(DIRECTIONS):
Every line of the listing below should come back exactly as written, with no images.

(DATASET SECTION):
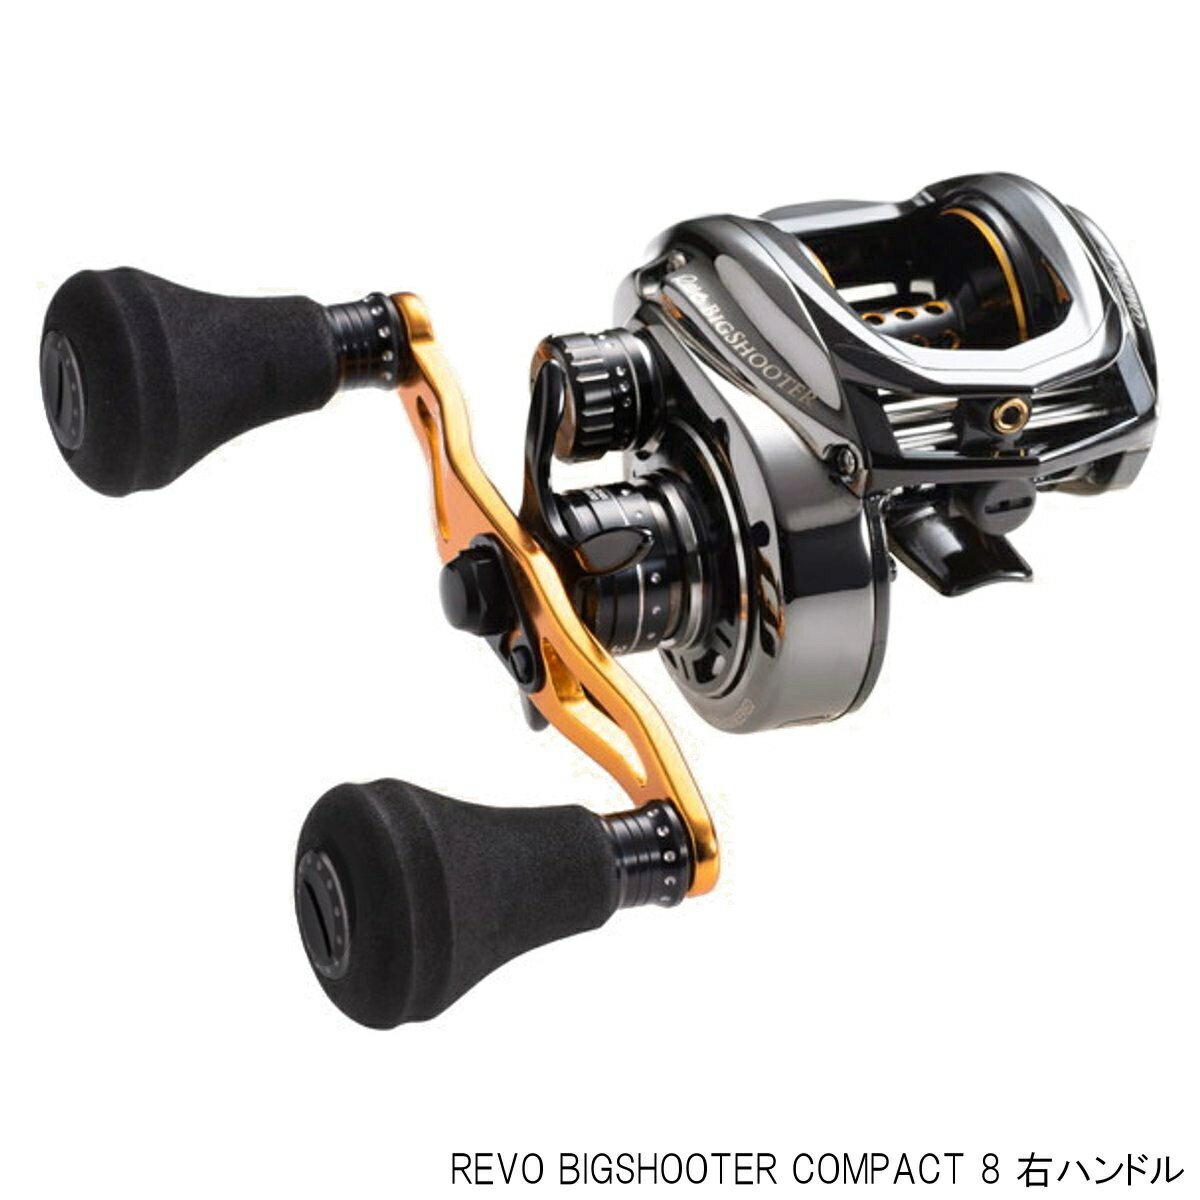 REVO BIGSHOOTER COMPACT 8 右ハンドル【送料無料】
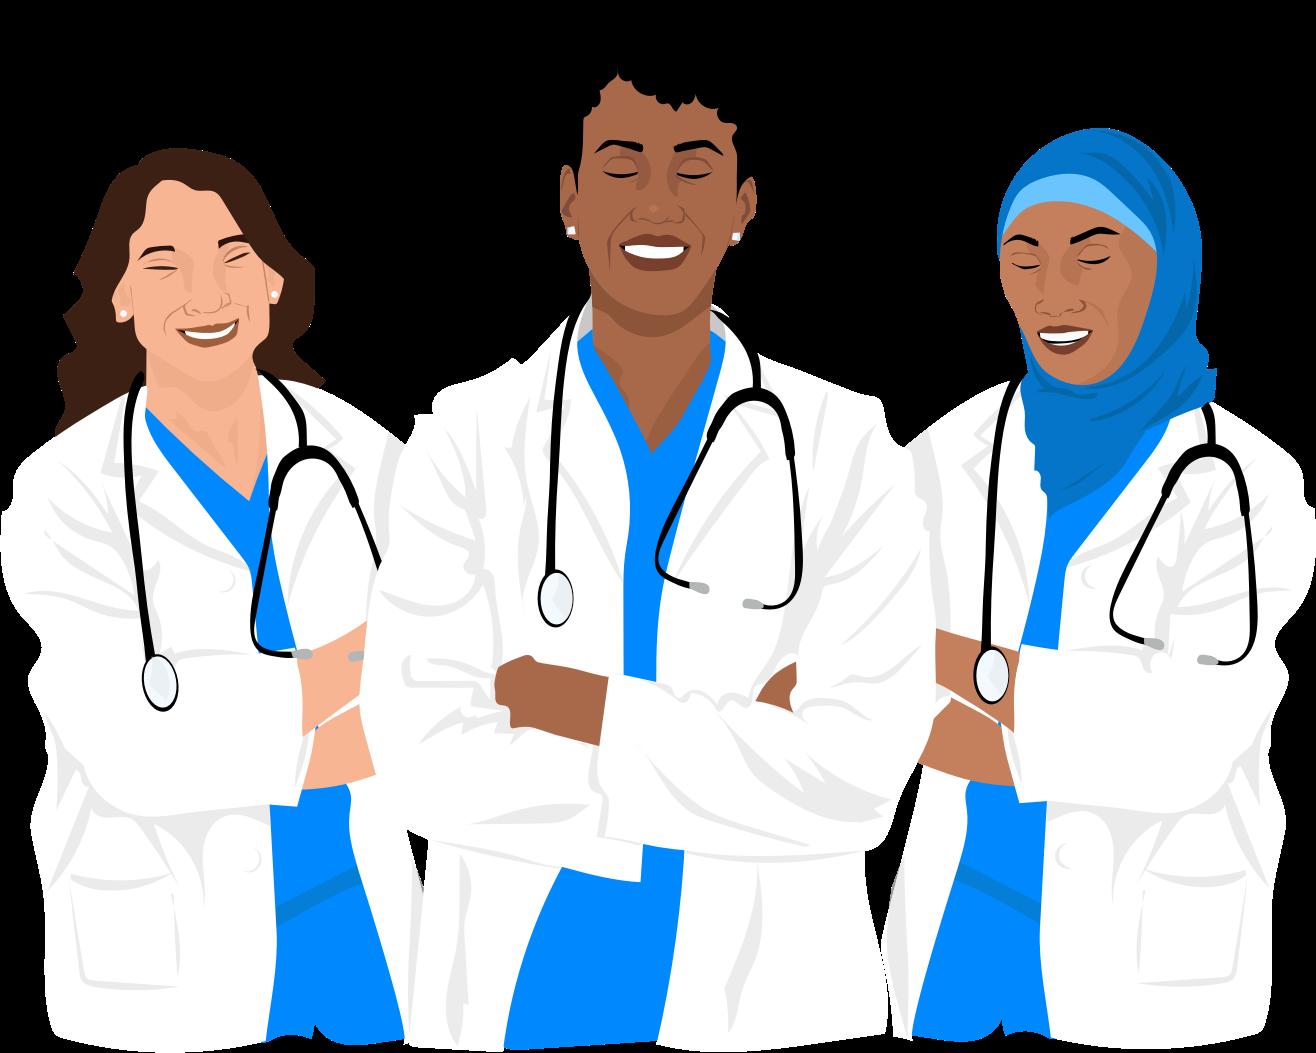 kiira multicultural clinicians
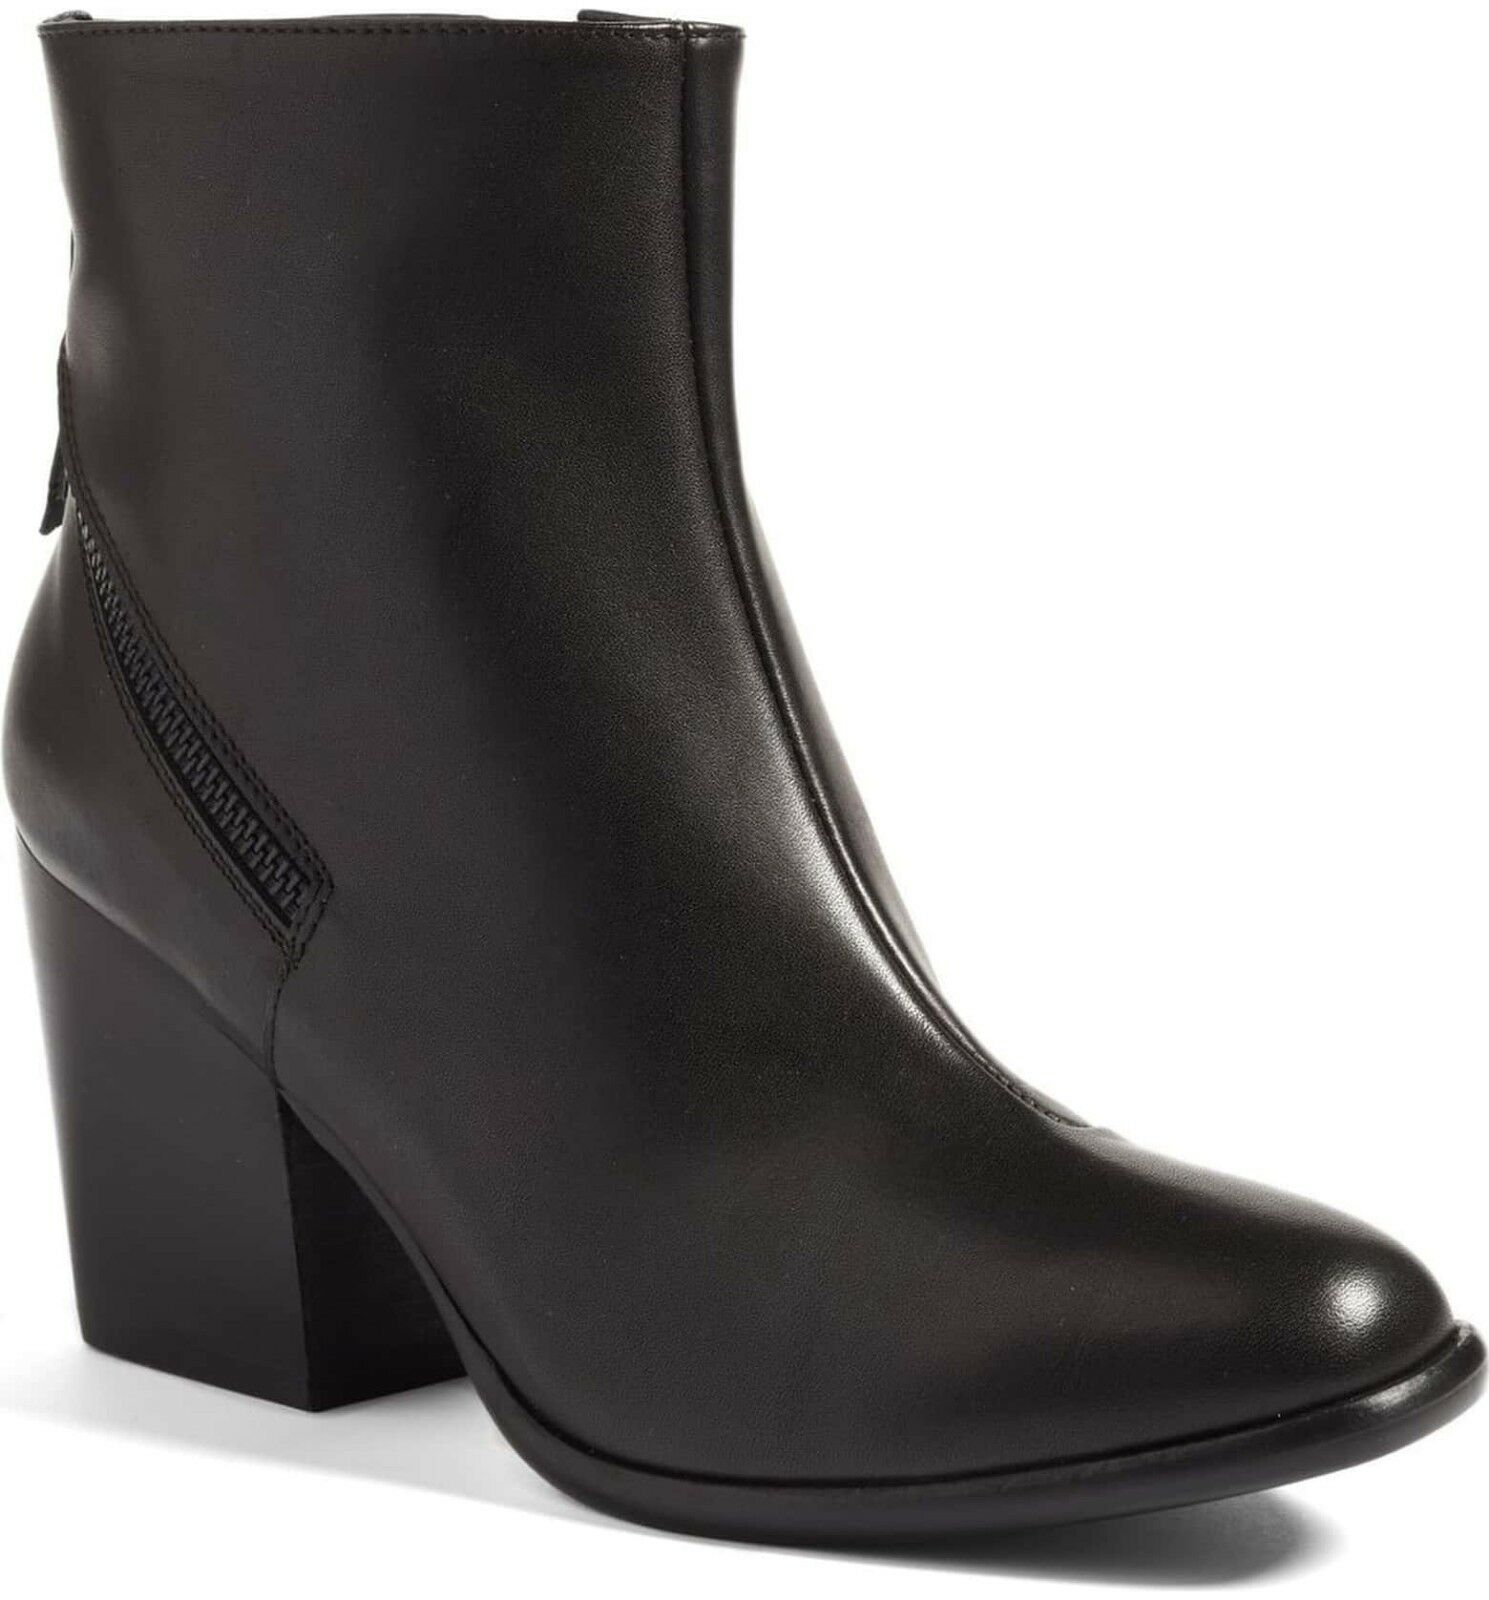 Womens Alberto Fermani Boots Viva Black Leather Ankle Booties 39.5 EU 9.5  485
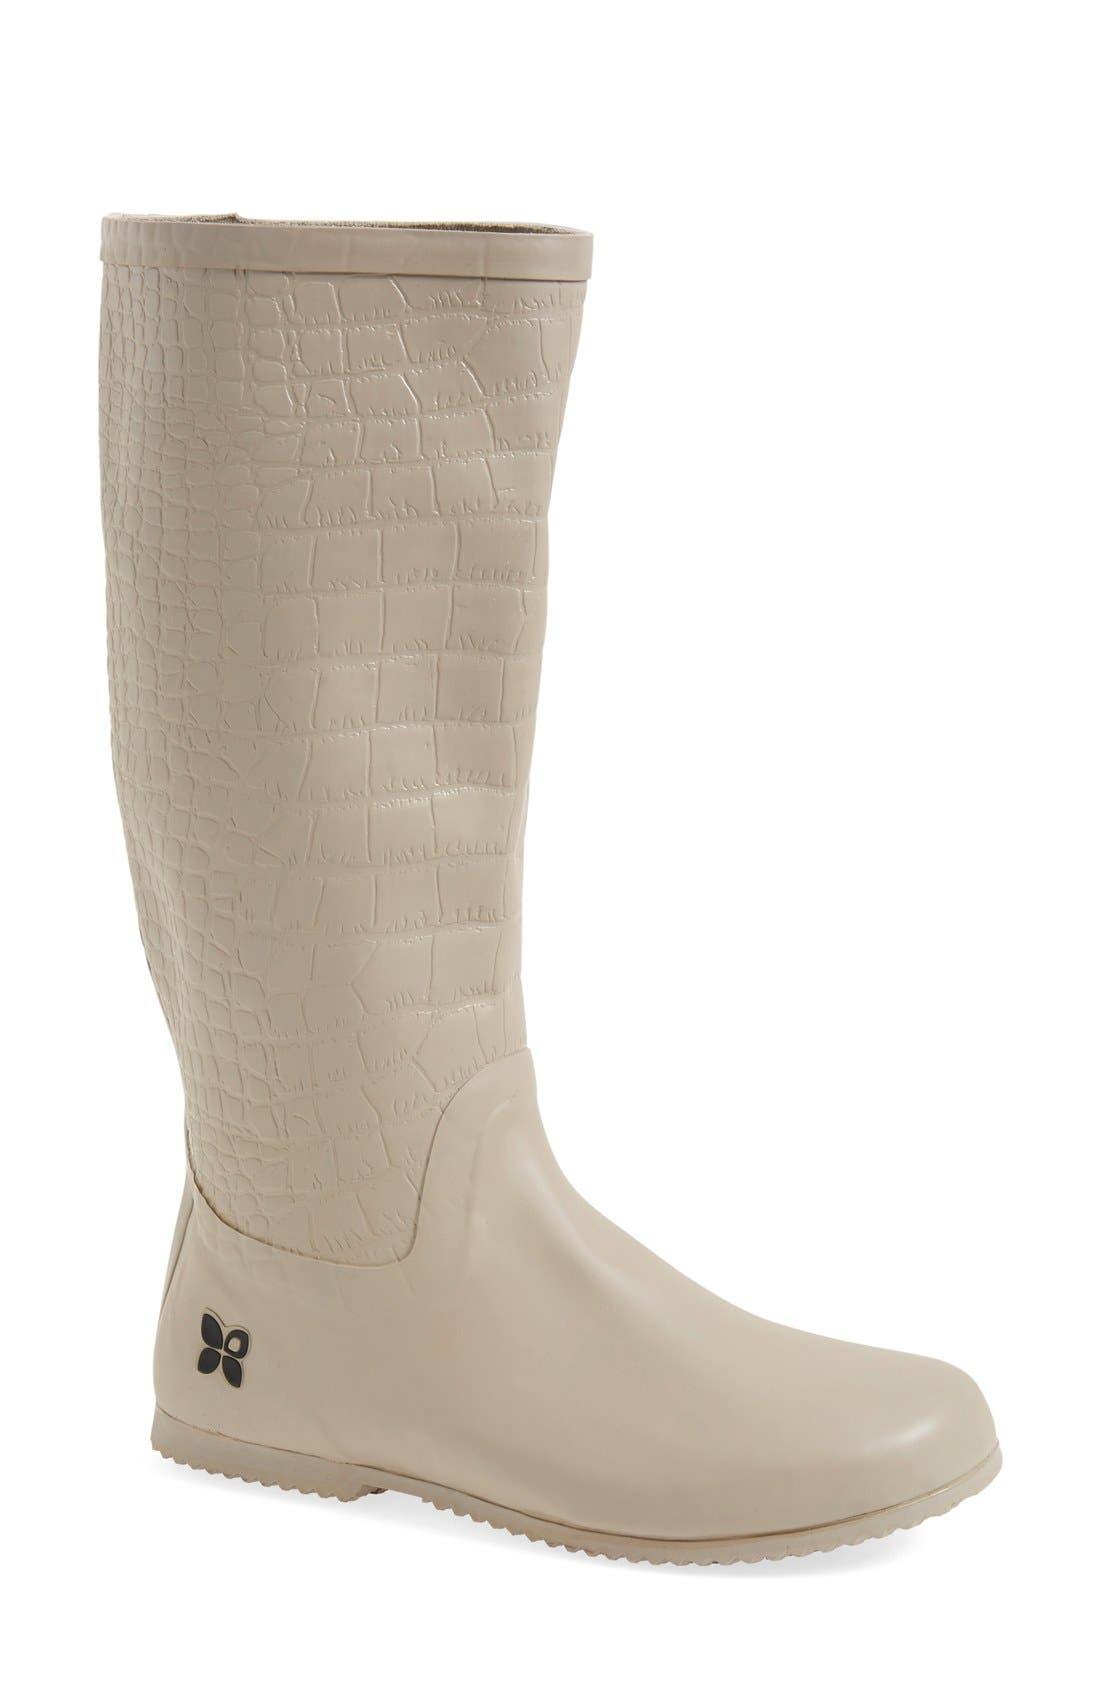 Main Image - Butterfly Twists 'Carlisle' Foldable Rain Boot (Women)

(SOLUTION FOR THIS EXERCISE):
 REVO BIGSHOOTER COMPACT 8 右ハンドル【送料無料】
 kiira multicultural clinicians
 Womens Alberto Fermani Boots Viva Black Leather Ankle Booties 39.5 EU 9.5  485
 Main Image - Butterfly Twists 'Carlisle' Foldable Rain Boot (Women)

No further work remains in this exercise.